“She seems to be doing better, and for that, you have my gratitude. In Town, she just… She was not coping well. I was at a loss as to how to assist her.”
Douglas followed his words with the slightest hint of a self-conscious shrug and another bow, and withdrew into his room. Having gained the precious blessing of solitude, he opened the valise, took out a stack of letters, and prepared to bail against a tide of correspondence as endless as it was depressing.
***
Dinner passed as pleasantly as lunch had, if small talk, small portions, and a small case of queasiness qualified. Astrid had made certain to seat herself neither next to nor across from Andrew, which left her immediately across from Douglas.
While Andrew conversed, flattered, and played the part of a cheerful guest, Astrid pushed braised carrots around on her plate and thought of skipping stones. Whenever she looked up, somebody was studying her—Felicity, Gareth, Henry Allen, or Douglas.
Though not Andrew. Never Andrew.
She put a forkful of carrots in her mouth and chewed slowly, then had to pretend to sneeze into her napkin to preserve herself from swallowing food that agreed with her even less than the company who had come to call.
When Felicity rose and invited the ladies to join her in the family parlor, Astrid thought to make her escape above stairs, only to find Douglas hovering at her elbow in the corridor.
“Might I offer you a turn about the gardens, my lady?” He held out an arm and assayed what for him was probably a smile, though it looked to Astrid like an inchoate case of dyspepsia. Perhaps the condition was contagious. “The evening is cool, but there are matters I would raise with you privately.”
“I’ll get my shawl.”
Douglas was nearly as tall as Andrew, and had an elegance to his frame neither of his brothers shared. Those attributes were none of his doing, but Astrid also had to credit the man with a curiously pleasant, cedary scent.
Her condition was making her daft, or making her nose daft. She repaired to her room, gave the quilt a longing stroke, and chose a lavender shawl. Let Douglas be warned that her mourning no longer consumed her, and she would not be a slave to convention merely to appease his sensibilities.
“Shall we use the back terrace?” she suggested, not waiting for him to offer his arm again. He stayed by her side, nonetheless, as they meandered around the side of the house to the largest terrace, the one that bordered the fading flower beds. The full moon had risen, making the whole scene eerily well lit.
“So, Douglas,” she said as they strolled along, “what would you discuss with me?”
He was not like some men—like Herbert—charging ahead and leaving a diminutive lady to trot after him.
“You are my brother’s widow,” he began, as if rehearsing a sermon, “and as such, certain funds should now become available to you. We have, in fact, discussed these monies on more than one occasion.”
He’d tried to discuss them while she’d considered smashing clocks. “We have. Briefly.”
“There is no other way to say this, but your funds are sorely depleted. I do apologize to you for this mismanagement.”
An opening salvo, no doubt intended to unnerve more than it apologized. “And how were my funds mismanaged, specifically?” She kept her voice pleasant, merely curious.
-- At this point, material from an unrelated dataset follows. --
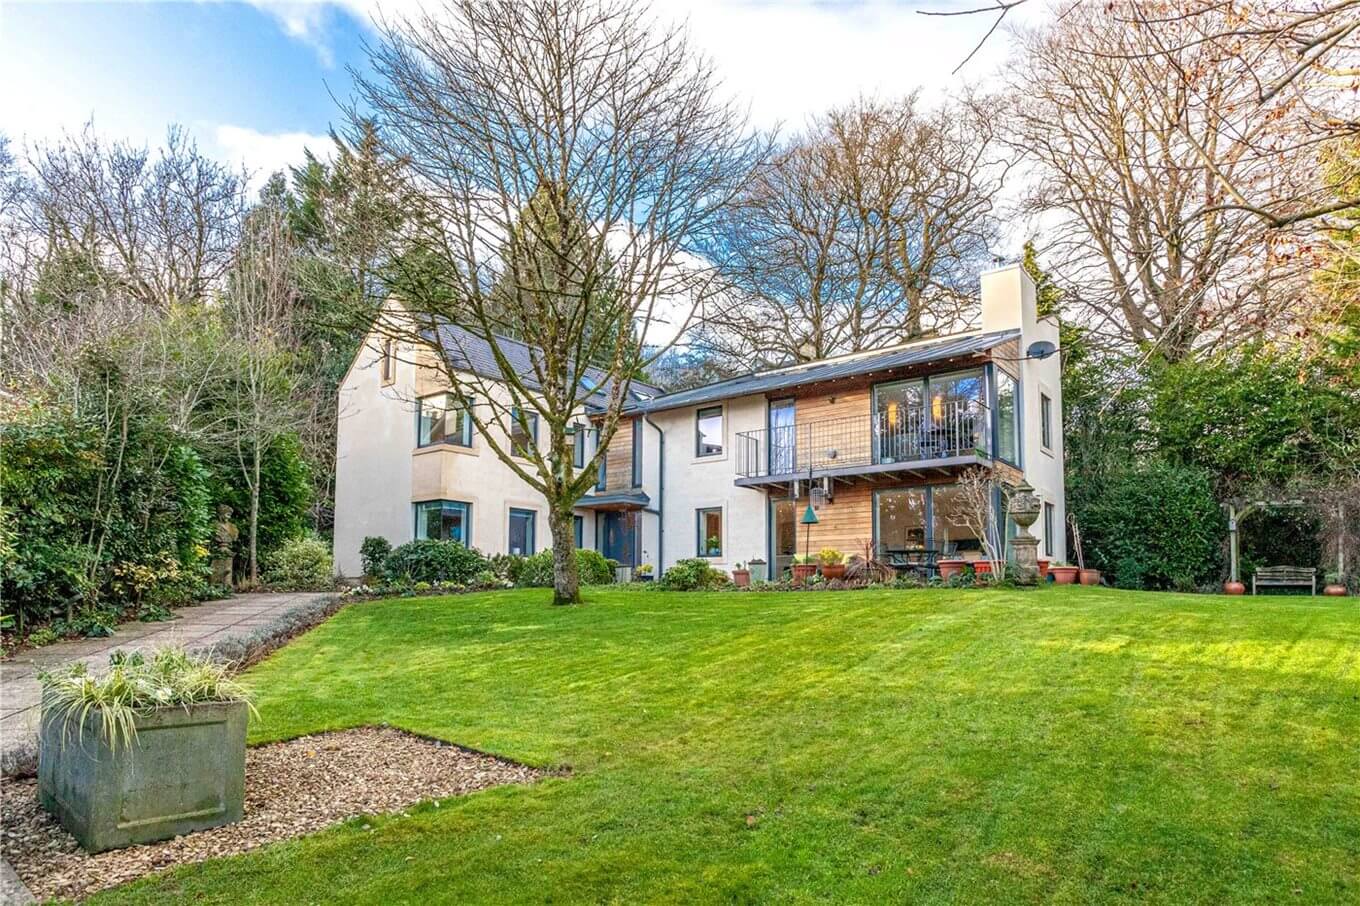 5 Bedroom Detached House for Sale in Bath

“I do not want to speak ill of my late brother, but his grasp of business principles was… not sophisticated,” Douglas offered, as if this were the more difficult admission.
“Is ownership, then, a complicated business principle, Douglas? As in, the dower portion of the settlements was mine, and was not his to use. That money was the one thing I, as a wife, could expect to remain in possession of, despite becoming my husband’s chattel. Your brother’s fault lay not in his grasp of business principles, but rather, in his grasp of morals.”
They strolled along a walk of crushed white shells, which the moonlight made luminous. Perhaps the surrounding darkness enhanced her awareness of scents, for Astrid could divine the odor of rotting undergrowth beneath the fragrance of the flowers and Douglas’s cedary scent.
Douglas bent and snapped off a white chrysanthemum. “I cannot know my brother’s motivations.” A martyr prayed for his executioner’s forgiveness in the same patient, condescending tones.
“Douglas, let us be honest.” Lest she spend the rest of the night among the chilly flowers and Douglas’s chilly remorse. “Herbert was not a bad man, but he was self-indulgent and immature. He wasted money on himself, his leman, his dogs and horses and cronies. Your brother stole from funds that should have been saved for my exclusive use, and because he was head of the family, no one stopped him.”